In the embodiments provided in the present application, it should be understood that the disclosed technology can be implemented in other ways. The above-described embodiments of the apparatus are merely illustrative, and for example, the division of the units is only one type of division of logical functions, and there may be other divisions when actually implemented, for example, a plurality of units or components may be combined or may be integrated into another system, or some features may be omitted, or not executed. In addition, the shown or discussed mutual coupling or direct coupling or communication connection may be an indirect coupling or communication connection through some interfaces, units or modules, and may be in an electrical or other form.
The units described as separate parts may or may not be physically separate, and parts displayed as units may or may not be physical units, may be located in one place, or may be distributed on a plurality of network units. Some or all of the units can be selected according to actual needs to achieve the purpose of the solution of the embodiment.

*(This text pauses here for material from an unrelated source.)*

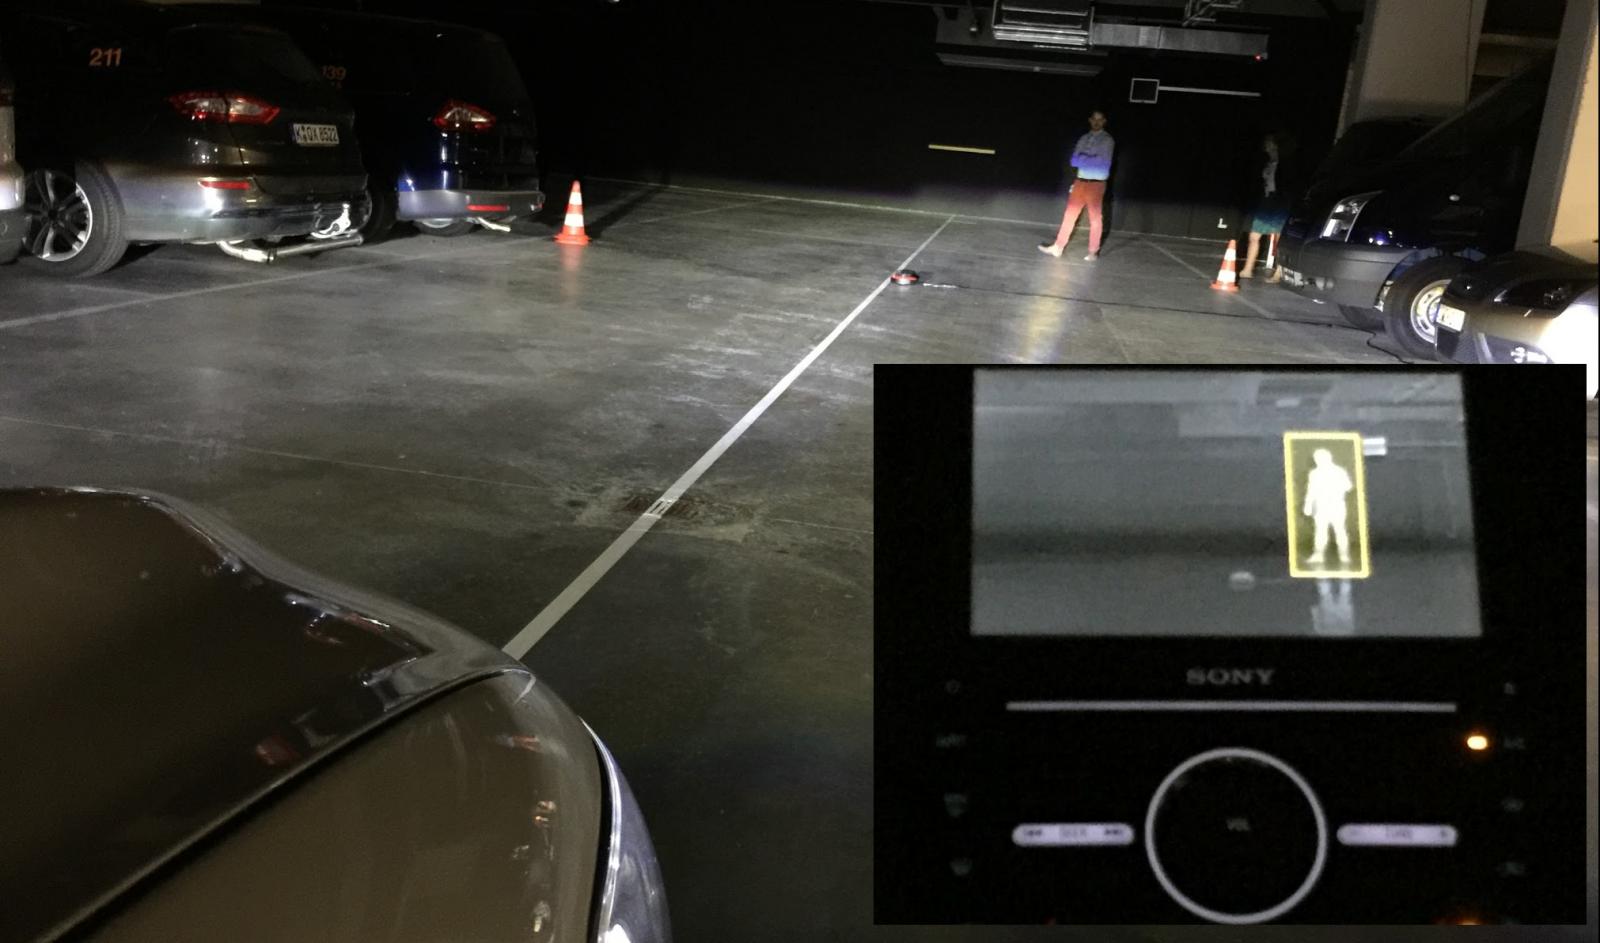 Ford intelligent lighting system

In addition, functional units in the embodiments of the present invention may be integrated into one processing unit, or each unit may exist alone physically, or two or more units are integrated into one unit. The integrated unit can be realized in a form of hardware, and can also be realized in a form of a software functional unit.
The integrated unit, if implemented in the form of a software functional unit and sold or used as a stand-alone product, may be stored in a computer readable storage medium. Based on such understanding, the technical solution of the present invention may be embodied in the form of a software product, which is stored in a storage medium and includes instructions for causing a computer device (which may be a personal computer, a server, or a network device) to execute all or part of the steps of the method according to the embodiments of the present invention. And the aforementioned storage medium includes: a U-disk, a Read-Only Memory (ROM), a Random Access Memory (RAM), a removable hard disk, a magnetic or optical disk, and other various media capable of storing program codes.
The foregoing is only a preferred embodiment of the present invention, and it should be noted that, for those skilled in the art, various modifications and decorations can be made without departing from the principle of the present invention, and these modifications and decorations should also be regarded as the protection scope of the present invention.